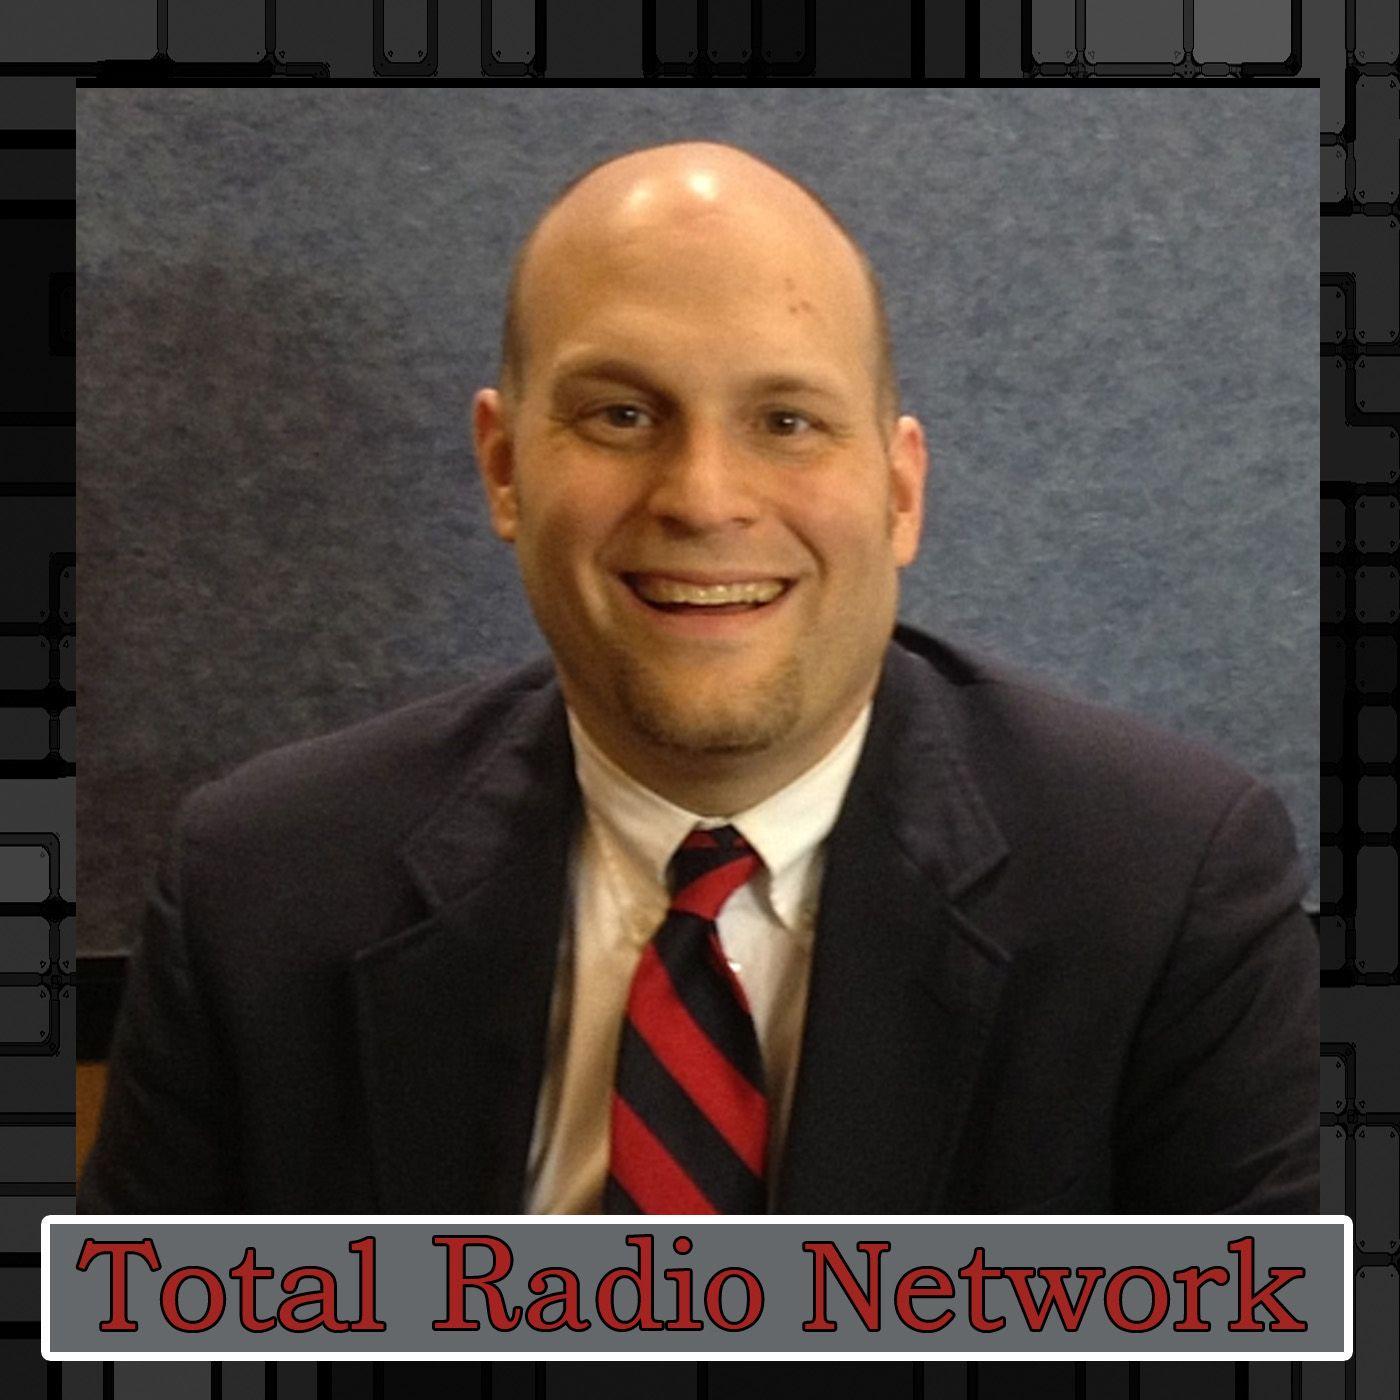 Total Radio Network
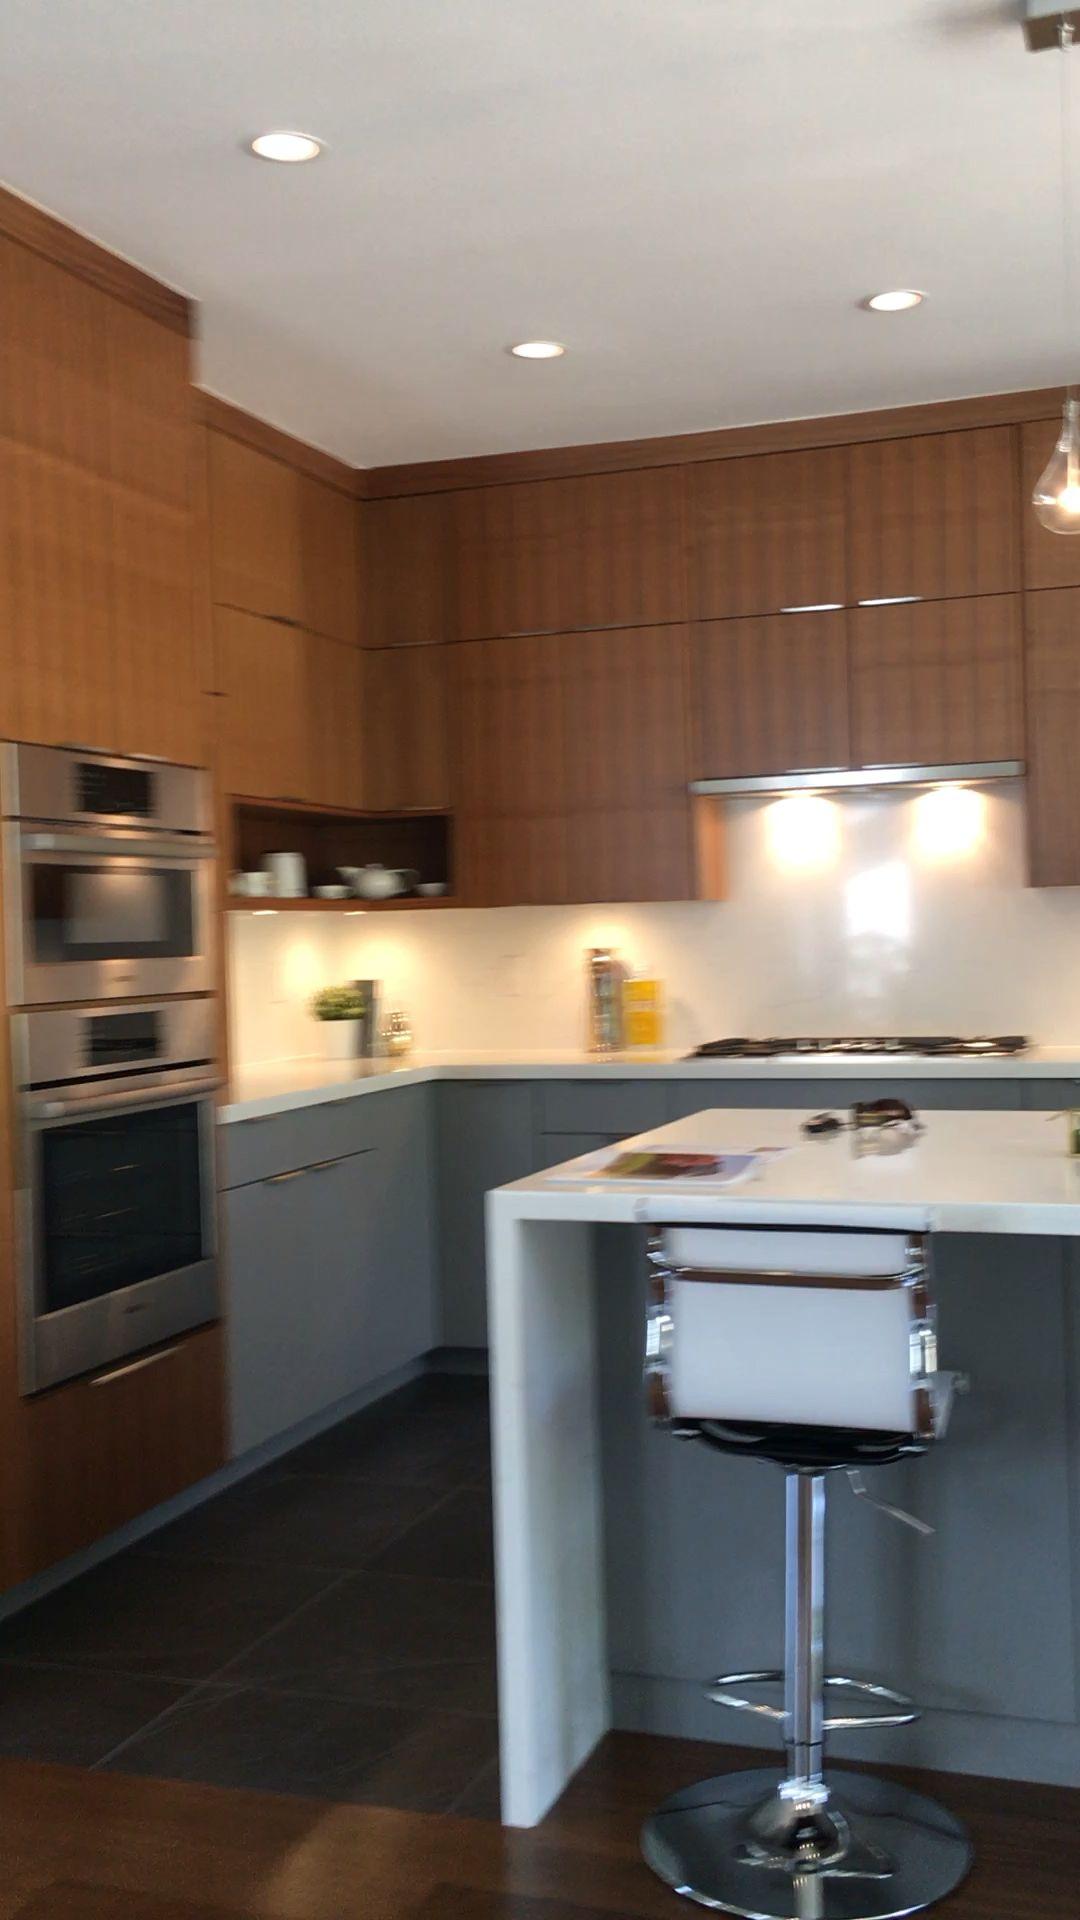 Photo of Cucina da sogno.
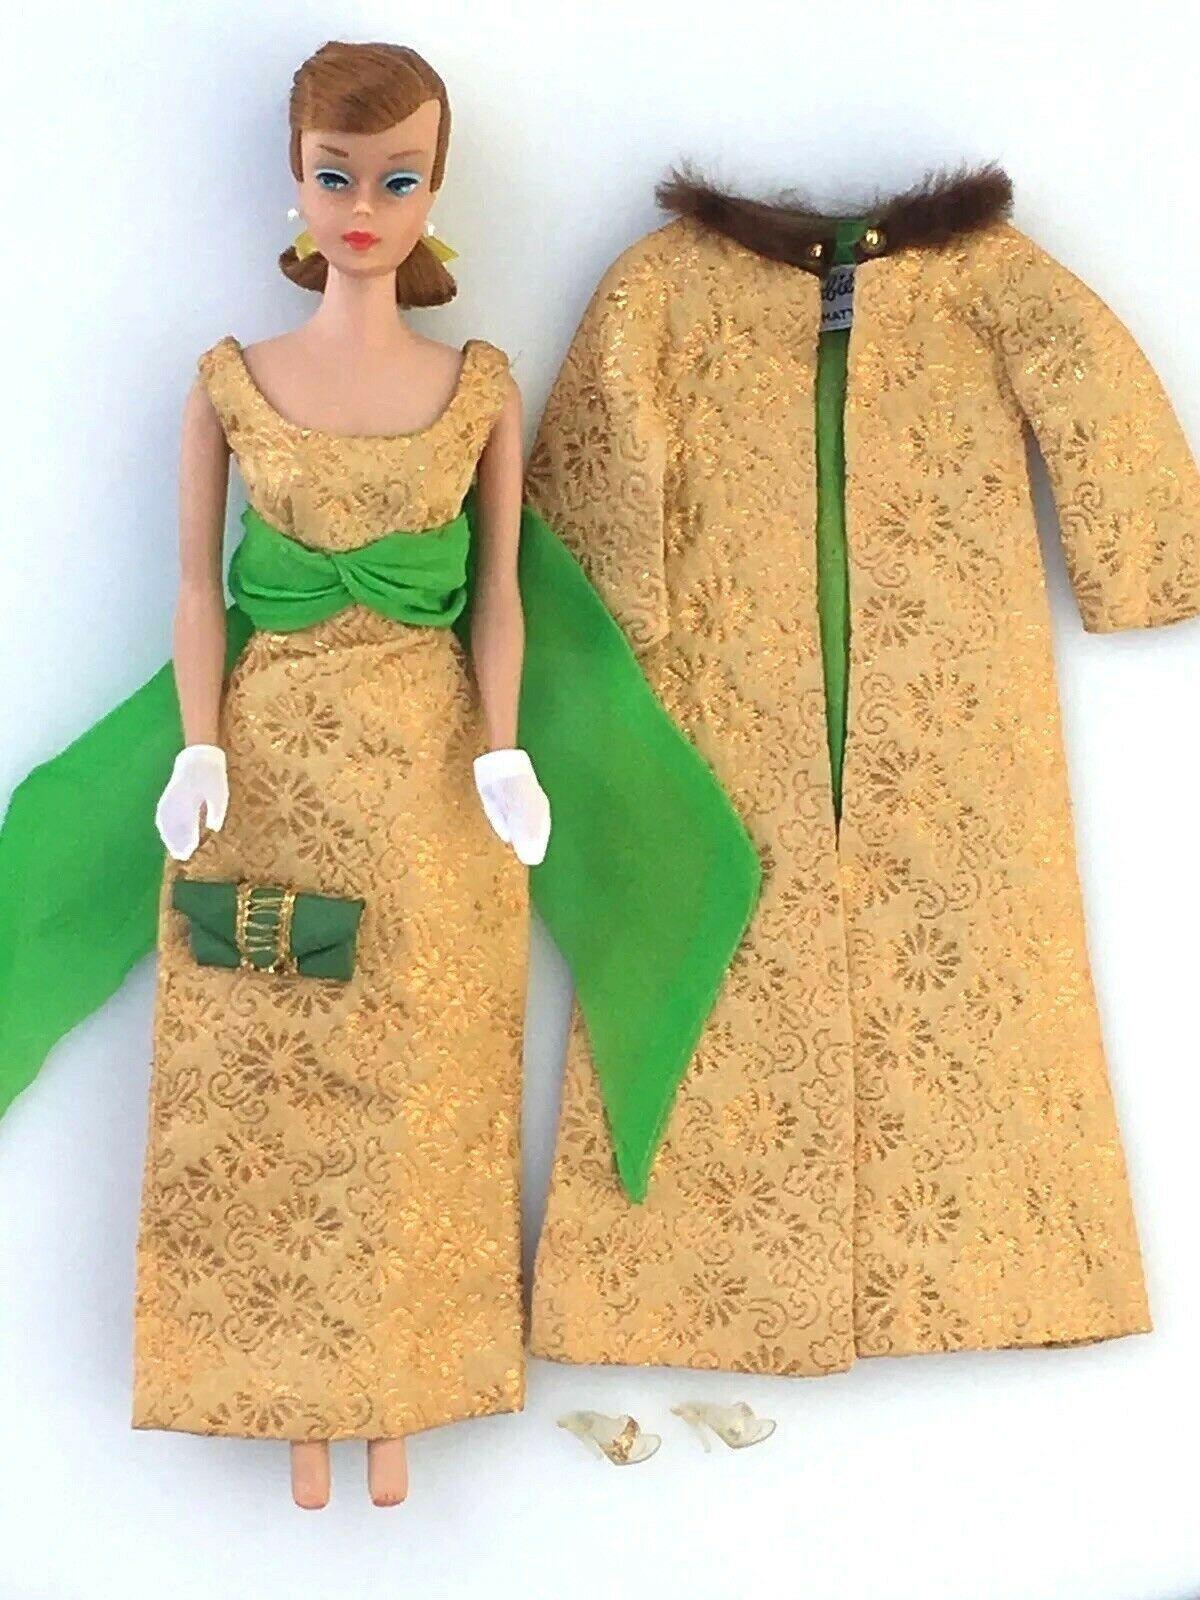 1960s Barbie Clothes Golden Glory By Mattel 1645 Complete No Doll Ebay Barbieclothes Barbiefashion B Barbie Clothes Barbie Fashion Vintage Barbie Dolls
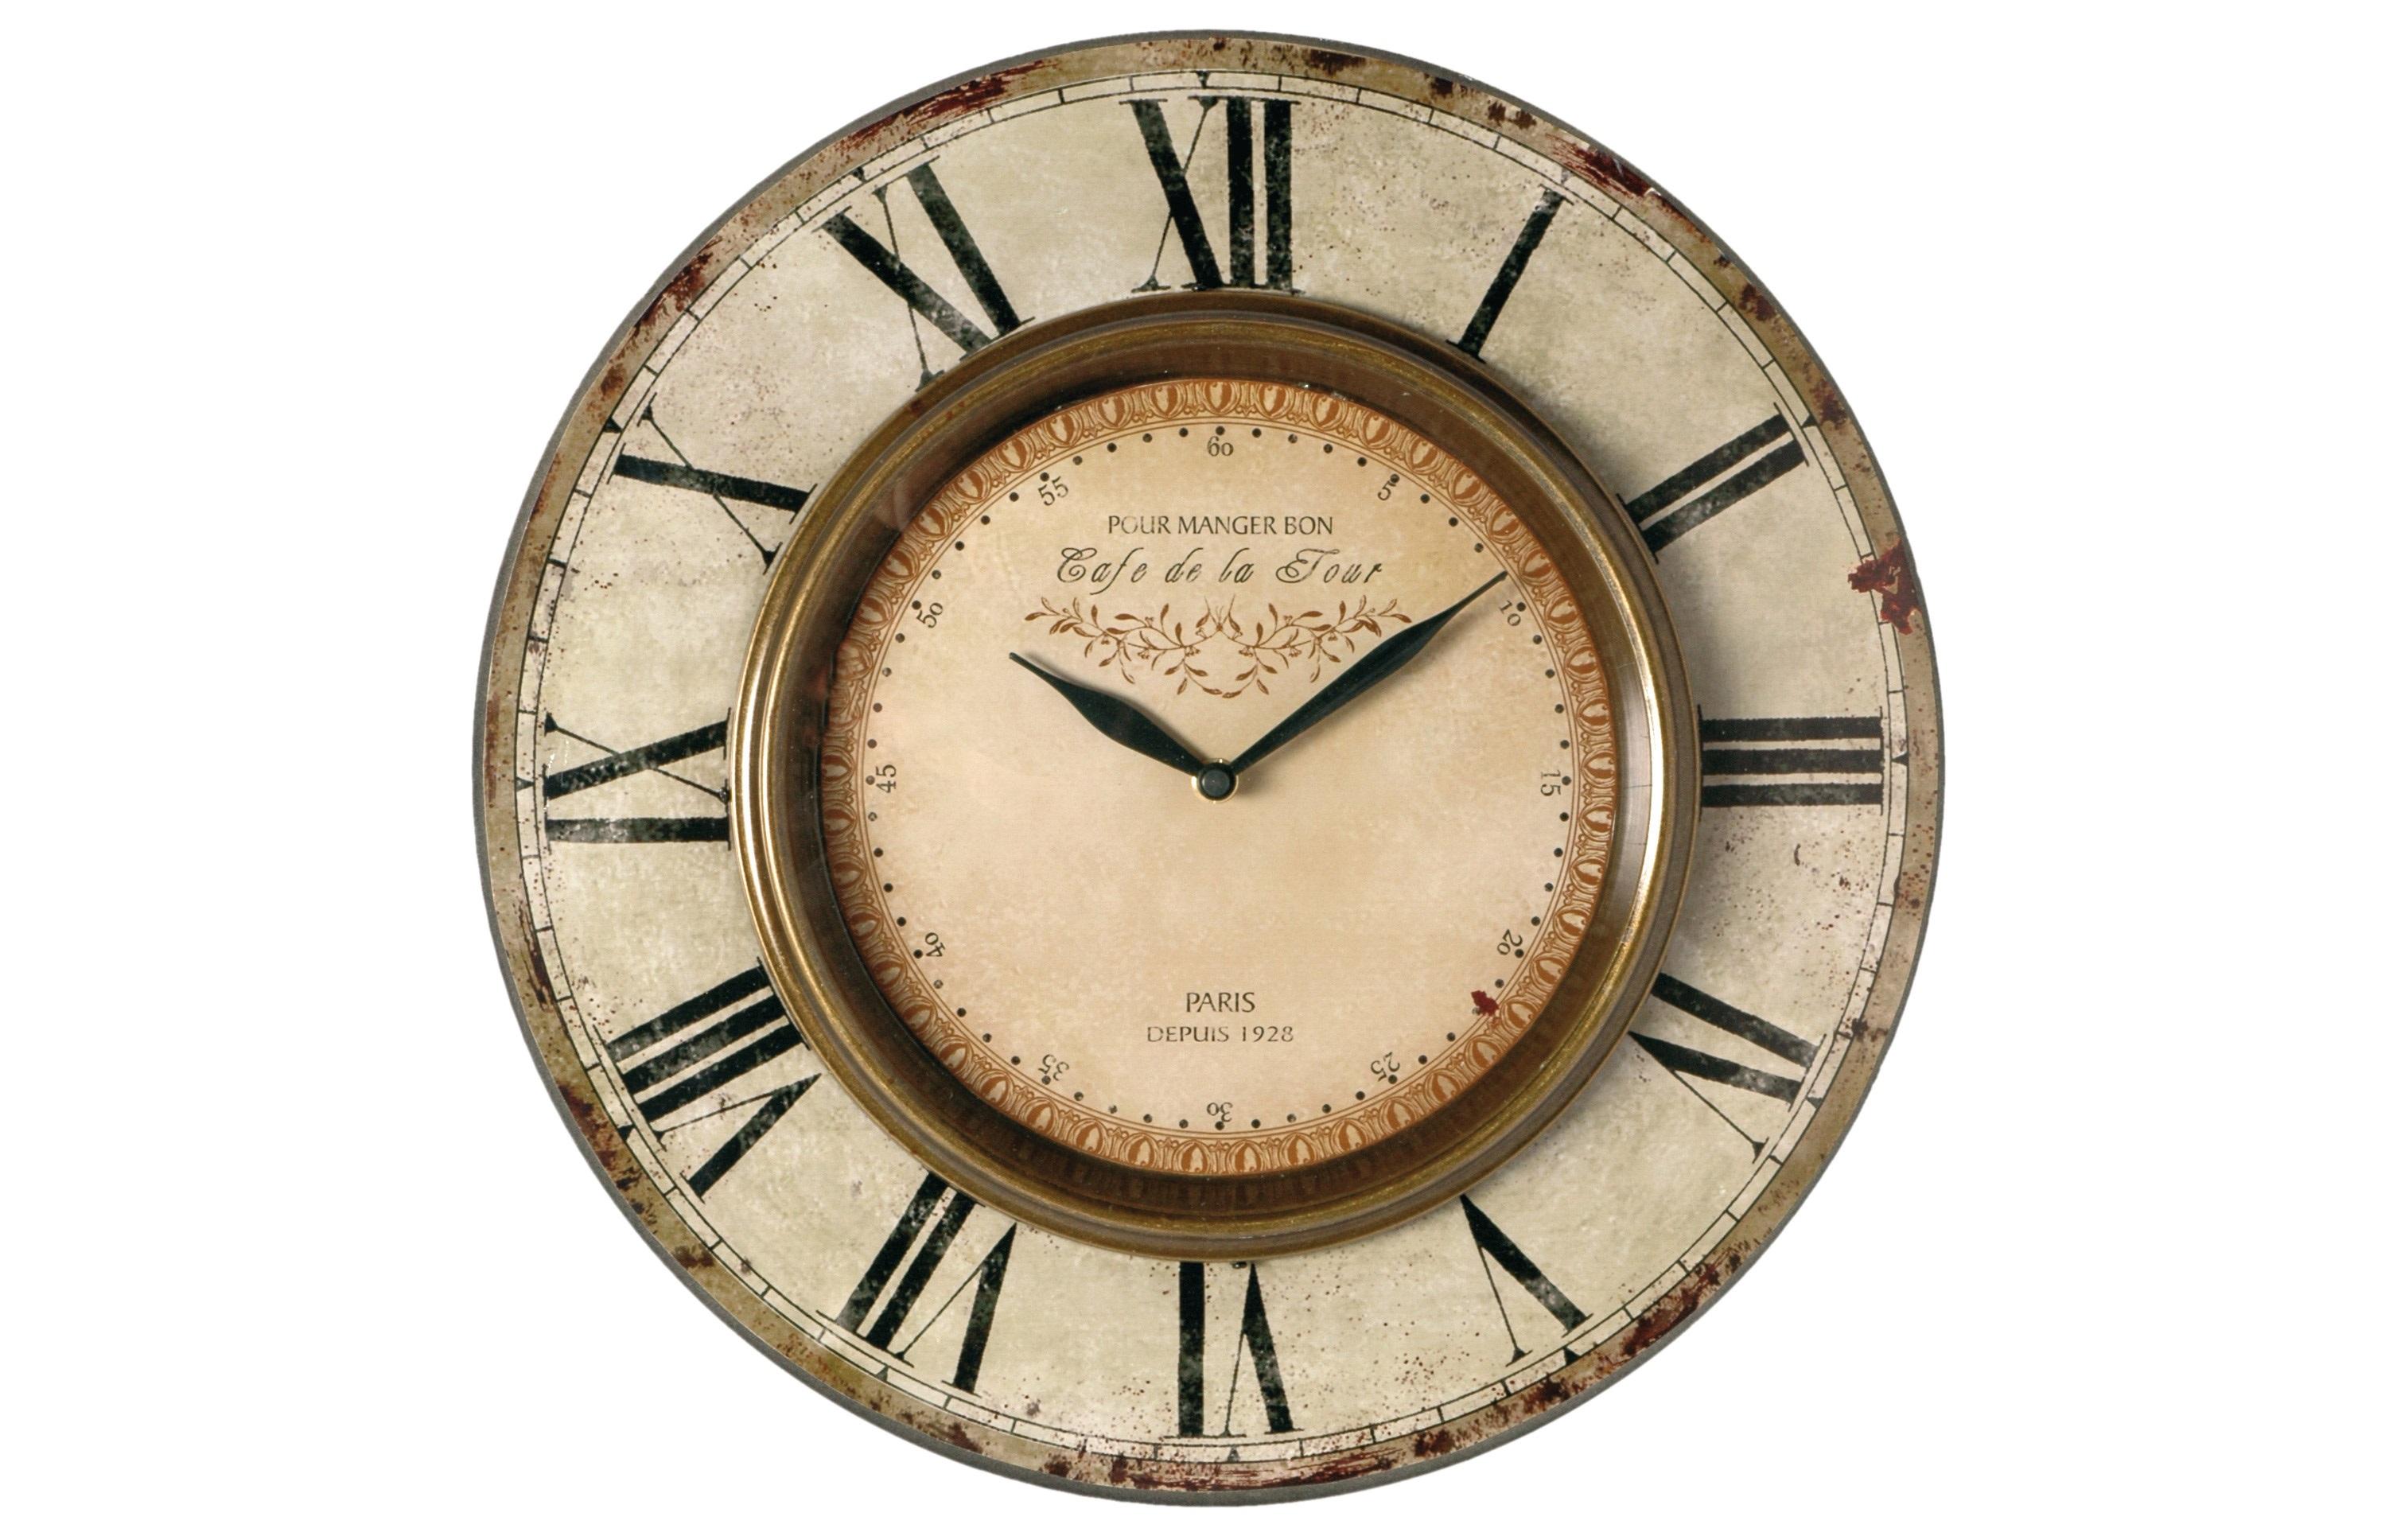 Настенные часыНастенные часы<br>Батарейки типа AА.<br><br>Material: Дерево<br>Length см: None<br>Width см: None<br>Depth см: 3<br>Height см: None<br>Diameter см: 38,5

### TASK INSTRUCTIONS:
From the line containing "1960s Barbie Clothes" down to the last line of the data above, transcribe exactly those lines and no others; omit the pictures.

### TASK RESULT:
 1960s Barbie Clothes Golden Glory By Mattel 1645 Complete No Doll Ebay Barbieclothes Barbiefashion B Barbie Clothes Barbie Fashion Vintage Barbie Dolls
 Настенные часыНастенные часы<br>Батарейки типа AА.<br><br>Material: Дерево<br>Length см: None<br>Width см: None<br>Depth см: 3<br>Height см: None<br>Diameter см: 38,5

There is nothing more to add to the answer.